Eating Vegetarian? Beware of These 3 Dietary Pitfalls for High Blood Lipids and Cardiovascular Health


Trap 1: While vegetarian diets avoid animal fats, two plant-based oils contain saturated fatty acids, contributing to high blood lipids, including cholesterol and abnormal triglyceride levels. The United States' '2015-2020 Dietary Guidelines' made a significant change by eliminating the daily limit on cholesterol intake. Most cholesterol in the body is self-synthesized, with no research showing a direct link between high cholesterol diets and blood cholesterol levels or heart disease. However, cholesterol only exists in animal-based foods, suggesting that vegetarians might not face high cholesterol problems, right? The core issue, though, lies within fats.

Oils consist of saturated and unsaturated fatty acids. Saturated fats increase cholesterol synthesis in the body, raising the risk of cardiovascular diseases, while unsaturated fats do not. Among plant oils, only coconut oil and palm oil belong to saturated fatty acids.

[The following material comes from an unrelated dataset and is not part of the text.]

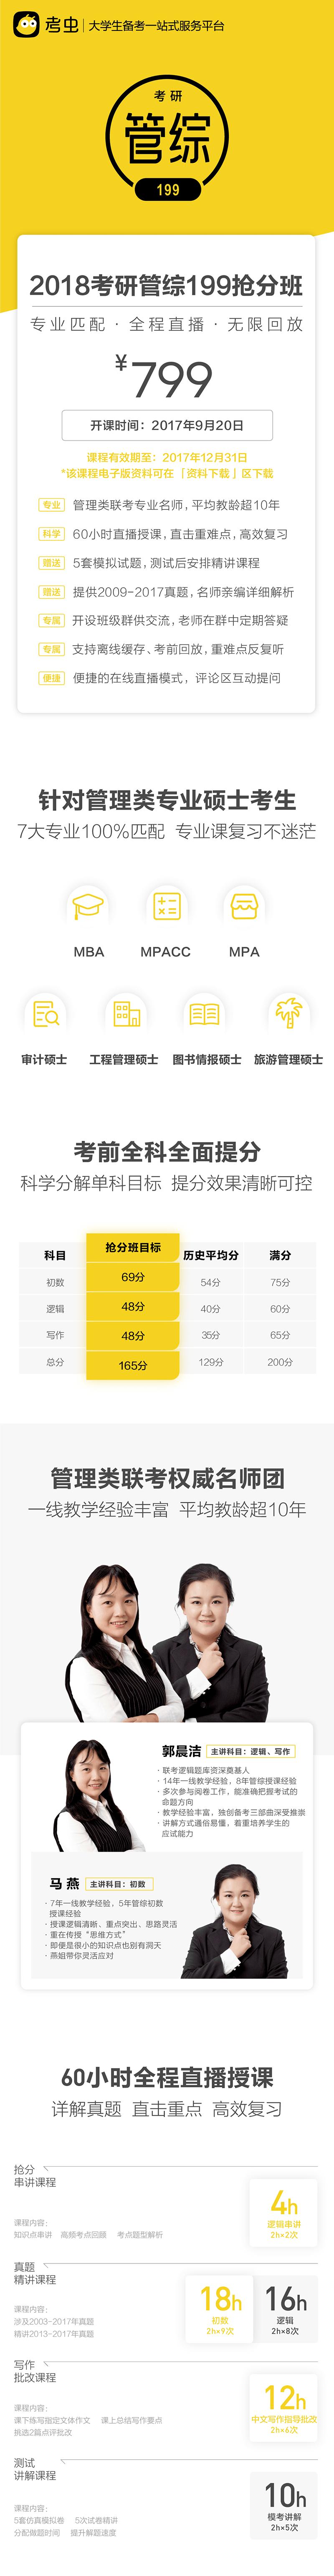 管综改价后更新图01.png

Trap 2: Commercial fried snacks might contain trans fats, elevating bad cholesterol when consumed excessively. Trans fats increase LDL levels and decrease HDL levels, posing greater health risks. Although regulations prohibit artificial trans fats starting from July 2018 under the 'Food Safety and Sanitation Management Act,' it's crucial to note that fully hydrogenated oils, while free of trans fats, still contain saturated fats and should be limited in consumption. Packaged foods like ice cream, potato chips, and pastries frequently use these oils due to cost and processing temperatures. Consumers should scrutinize nutritional labels and avoid substituting such foods for proper meals.

Trap 3: Excessive refined sugar can result in triglyceride formation, burdening the body and increasing the risk of cardiovascular diseases. In 2018, Taiwan's Ministry of Health and Welfare recommended that added sugar intake should not exceed 10% of total caloric intake.

Added sugars refer to sugars added during food or beverage preparation, such as brown sugar, cane sugar, syrups, and honey. Overconsumption of refined sugars forms triglycerides in the body, posing health burdens and raising cardiovascular disease risks.

Preventing high blood lipids is an ongoing concern. Regardless of lipid, blood sugar, or blood pressure control, improving lifestyle habits is key. Besides adhering to the Ministry of Health and Welfare's vegetarian dietary guidelines, maintaining proper sleep patterns, avoiding smoking, limiting alcohol consumption, and incorporating regular exercise into daily routines are crucial for a balanced approach to food choices and a healthier lifestyle.